8. The Transformer Block (Putting It Together)
Think of it this way: The transformer block is a processing pipeline repeated many times (6 layers in the original paper, up to 96+ in modern models like GPT-4). Each block takes a sequence of token representations, lets them communicate via self-attention, processes each token individually through a feed-forward network, and normalizes the results. Residual connections (skip connections) ensure that information and gradients can flow freely even through very deep stacks.
- Input Embedding — Look up each token in a learned embedding table (Ch07)
- Positional Encoding — Add position information to embeddings (this appendix, concept 5)
- Multi-Head Self-Attention — Tokens attend to each other (this appendix, concepts 2–6)
- Add & Layer Norm — Residual connection + z-score normalization (Ch02)
- Feed-Forward Network — Per-token nonlinear transformation
- Add & Layer Norm — Another residual + normalization
- Output — Logits → softmax → probabilities, trained with cross-entropy loss (Ch04)
Interactive Demos
Explore the key transformer components hands-on. Each demo connects back to formulas from earlier chapters.
Demo 1: Softmax Explorer
Enter logit values and adjust the temperature to see how softmax shapes probability distributions.
Demo 2: Attention Matrix Visualizer
Enter a sentence and see the self-attention heatmap: which tokens attend to which. Hover over cells for exact weights.

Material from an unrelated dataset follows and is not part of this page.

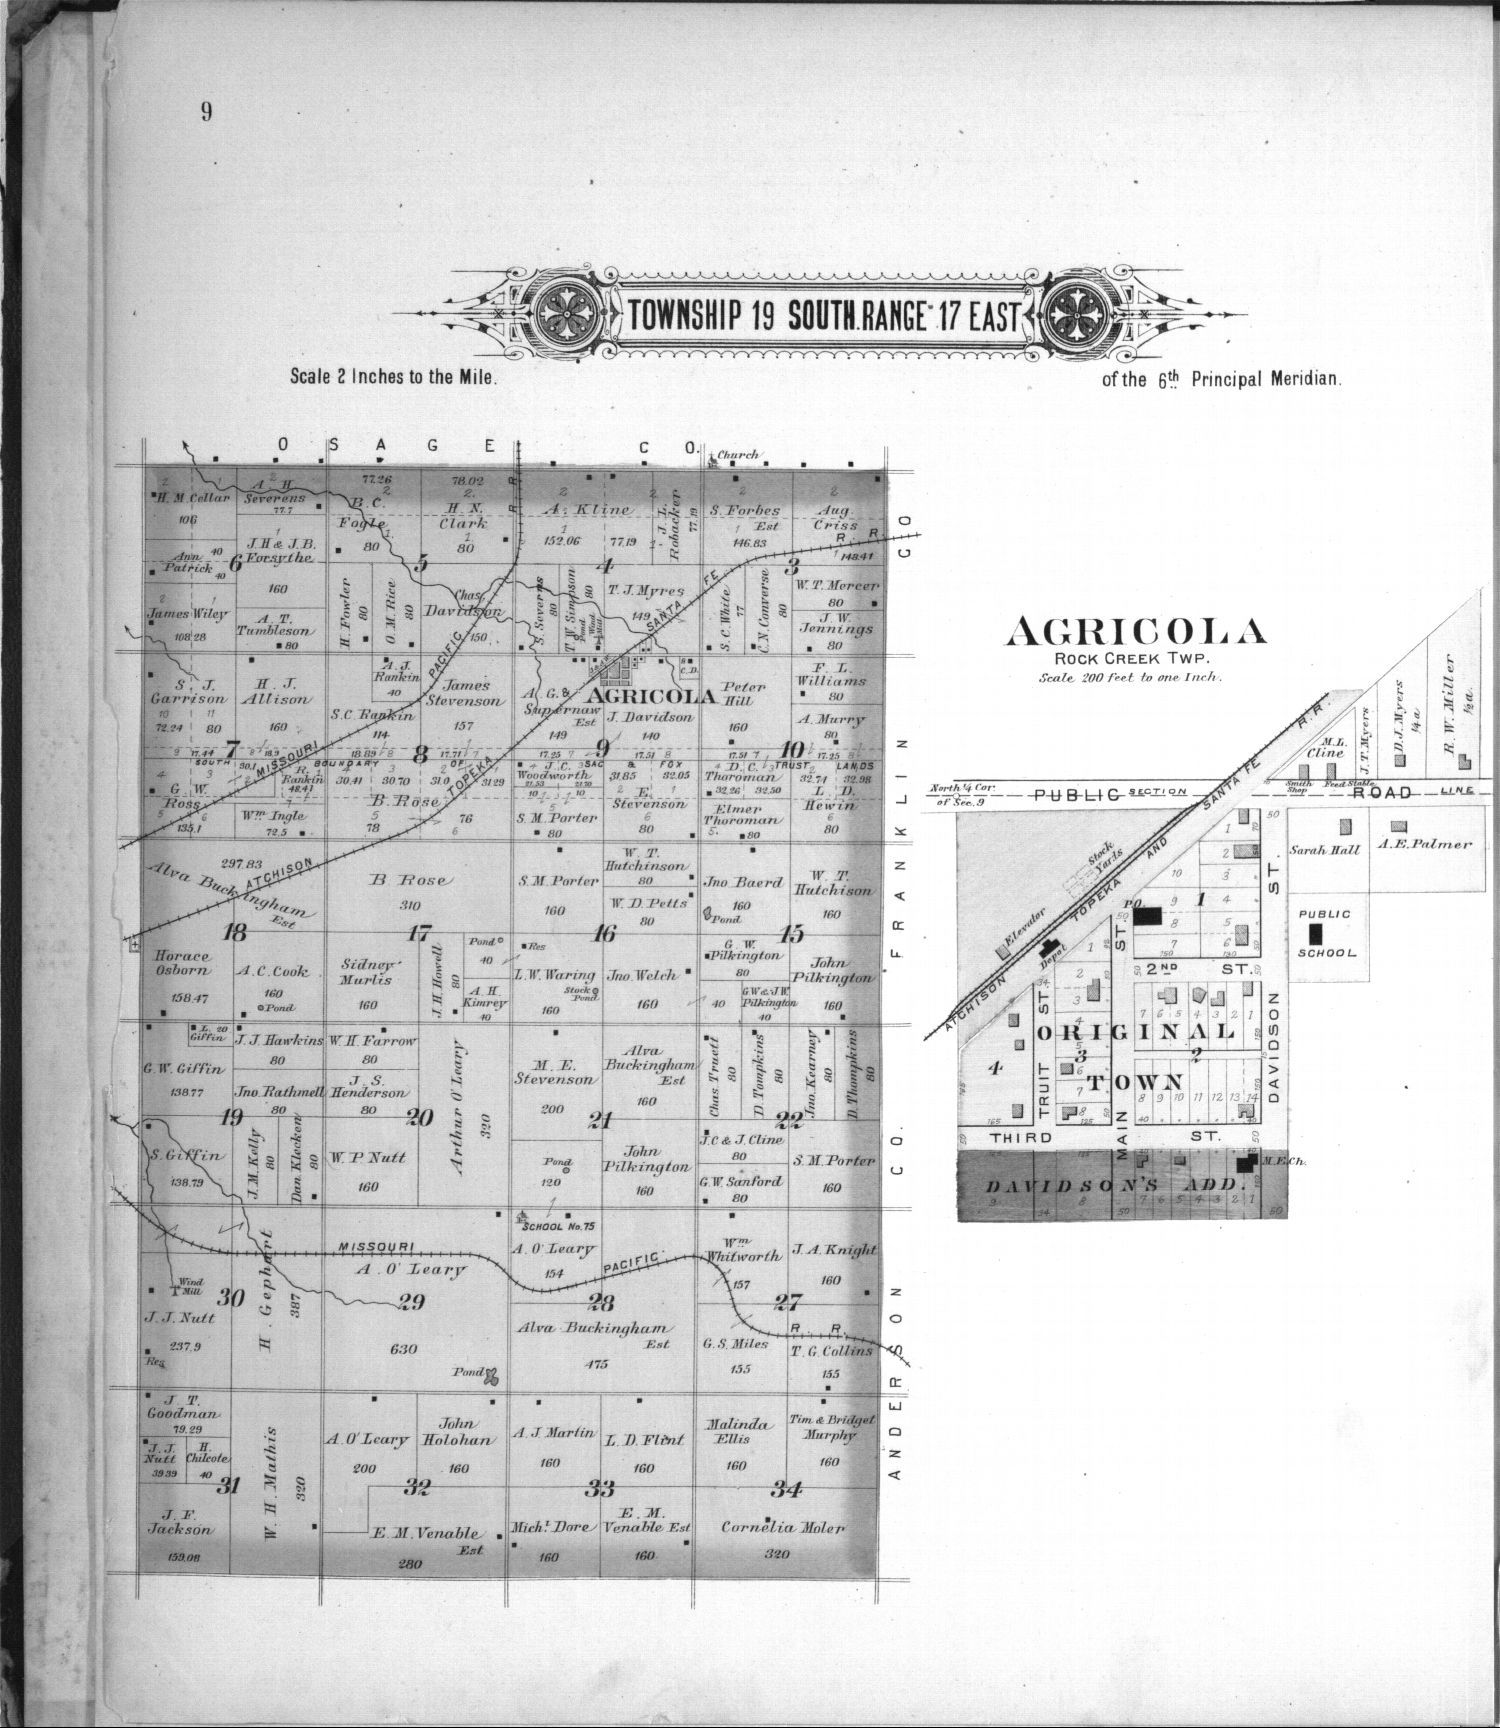 Plat book, Coffey County, Kansas - 9

Demo 3: Transformer Block Diagram
An interactive diagram of the full transformer block. Hover over each component to see its formula and which chapter it connects to. Click to jump to that chapter.
The Full Connection Map
Every major transformer component traces back to a formula you have already learned. This table is the Rosetta Stone connecting classical text analysis to modern deep learning:
| Transformer Component | Formula Used | From Chapter |
|---|---|---|
| Training Loss | Cross-Entropy | Ch04: Information Theory |
| Model Evaluation | Perplexity | Ch04: Information Theory |
| Similarity Scoring | Dot Product / Cosine | Ch05: Similarity & Distance |
| Score → Probability | Softmax | This Appendix |
| Attention Weights | Scaled Dot-Product | This Appendix |
| Input Representations | Word Embeddings | Ch07: Word Embeddings |
| Contextual Embeddings | Self-Attention | This Appendix |
| Weight Normalization | Layer Norm (z-score) | Ch02: Co-occurrence & Association |
| What Transformers Replaced | N-gram Language Models | Ch06: Language Models |
| Word Association (implicit) | PMI Matrix | Ch01: PMI and Its Variants |
| Term Importance (analogous) | TF-IDF Weighting | Ch03: TF-IDF Family |
Summary
The transformer is not a single monolithic invention. It is a carefully composed stack of mathematical operations — every one of which has roots in the classical text analysis formulas covered throughout this manual. Softmax normalizes scores into probabilities. Dot products measure similarity. Layer normalization applies z-scores. Cross-entropy drives the training signal. Embeddings encode meaning.
Every formula in this manual is alive inside modern transformers. PMI matrices became embeddings. TF-IDF became attention. Z-scores became layer normalization. Cross-entropy became the training signal. The journey from counting word pairs to ChatGPT is shorter than you think.
What changed is scale and learning: instead of hand-designed features, transformers learn their representations end-to-end from data, stacking these operations billions of times. What stayed is the mathematics: the same formulas you can compute by hand on a napkin are running trillions of times per second in every inference call to a modern language model.